Вся тяжесть работ пришлась на летнее время. Жара доходила до шестидесяти градусов. Люди и лошади страдали одинаково и от жары и от жажды. Не так тяжело было отсыпать грунт с насыпей, как перевозить его по сыпучему барханному песку. Лошади выбивались из сил, гибли. Около ста лошадей пало от бескормицы и изнурения. Особенно туго приходилось в июле и августе.

Частые ветры дули по два-три дня подряд. Песок забирался в пос, уши, хрустел на зубах.

Не укрыться от солнца, чудовища злого!

А работу наказано гнать, торопить.

Колею надо шить, костылями крепить.

Не укрыться от солнца, чудовища злого!

И у всех — каплей влаги б язык окропить! —

На устах пересохших одно только слово:

"Пить!"

"Пить!"

"Пить!"

И вдруг чья-то звонкая глотка

Впереди завопила: "Ребята! Сюда!

Сюда-а-а!"

"Чего раскудахтался?"

"Что за находка?"

"Сразу надо сказать: хороша аль худа!"

"Ребята, сю-да-а-а!"

"Орет. Верно, штука и впрямь интересная!"

"Ребята, во-да-а-а!"

"Холодная?"

"Да!"

"И пресная?"

"Пресная!"

"Братцы, айда!"

"Вода!"

"Вода-а-а!!"

Здесь была пресная вода. Здесь были пастбища. Люди не прочь были передохнуть несколько дней у воды. Это желание рабочих было вполне естественным, и, быть может, в ином случае никто не взял бы на себя смелости понуждать людей двигаться дальше — снова в пески.

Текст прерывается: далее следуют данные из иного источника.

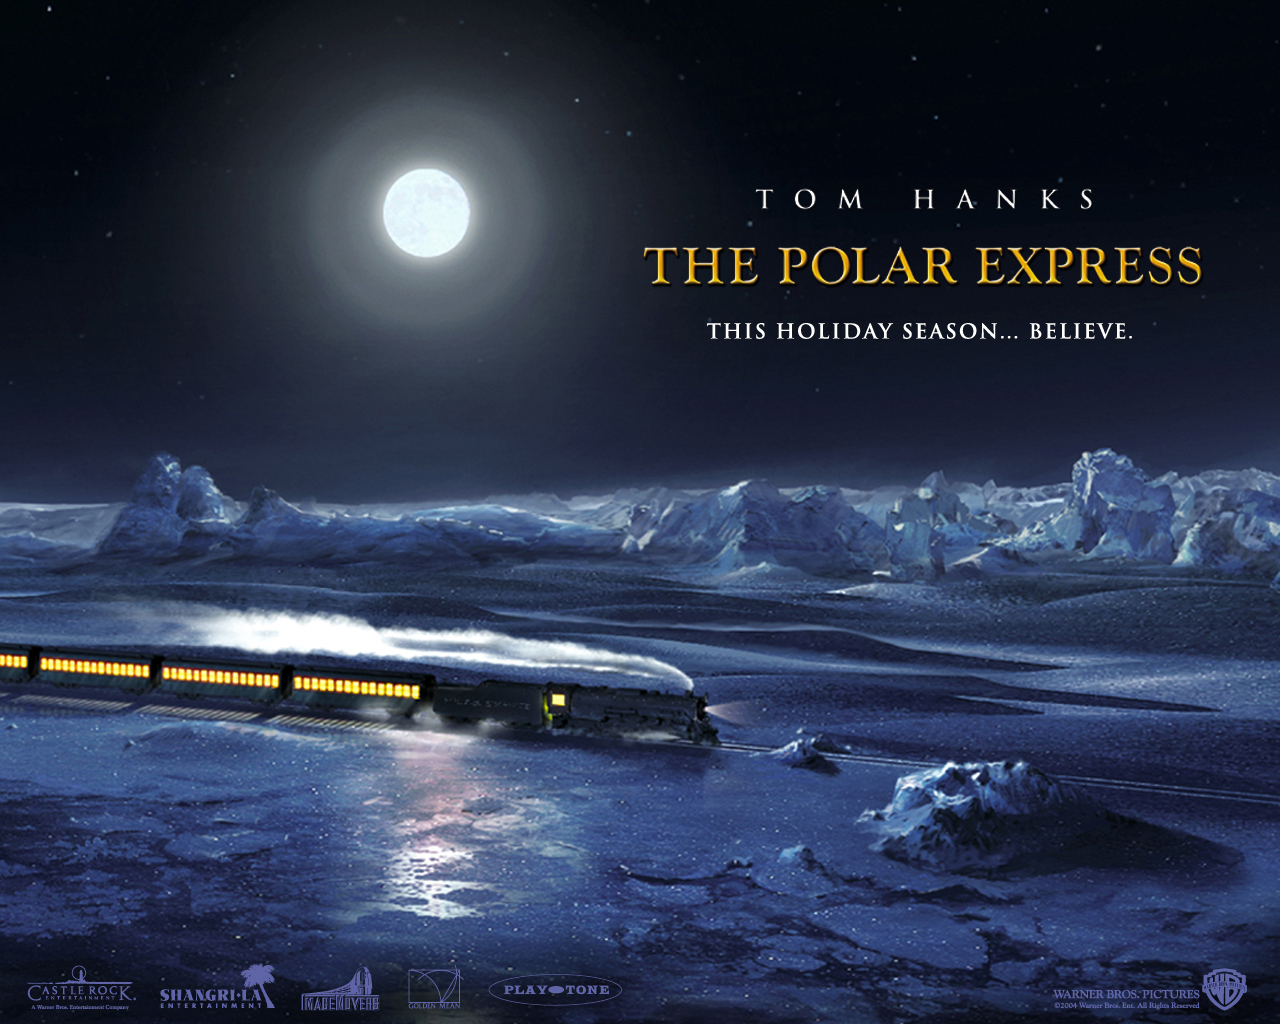 polar express_u6781u5730u7279u5feb_the polar express - Powered by Discuz!

Но укладка не могла ждать ни одного дня… Из более сознательных коновозчиков было организовано несколько ударных групп. Эти ударные группы и повели за собой колеблющихся.

"Вот бы тут у водицы — палатка…"

"Это место для нас — западня".

"Ждать не может укладка

Ни единого дня!"

"Ни единой минутки!"

"Да вода ведь…"

"Мы люди аль утки?"

"Освежиться…"

"Мы лодыри тут али стачечники?

Все разнежимся, лень разберет!"

А уж звонкая глотка за речкой орет:

"Эй, ударники! Тачечники,

Коновозчики! Что ж вы? Впере-е-ед!!"

Теперь, когда описанные трудности далеко позади, с благодарностью вспоминаешь имена некоторых товарищей, которые сыграли в те тяжелые минуты решающую роль.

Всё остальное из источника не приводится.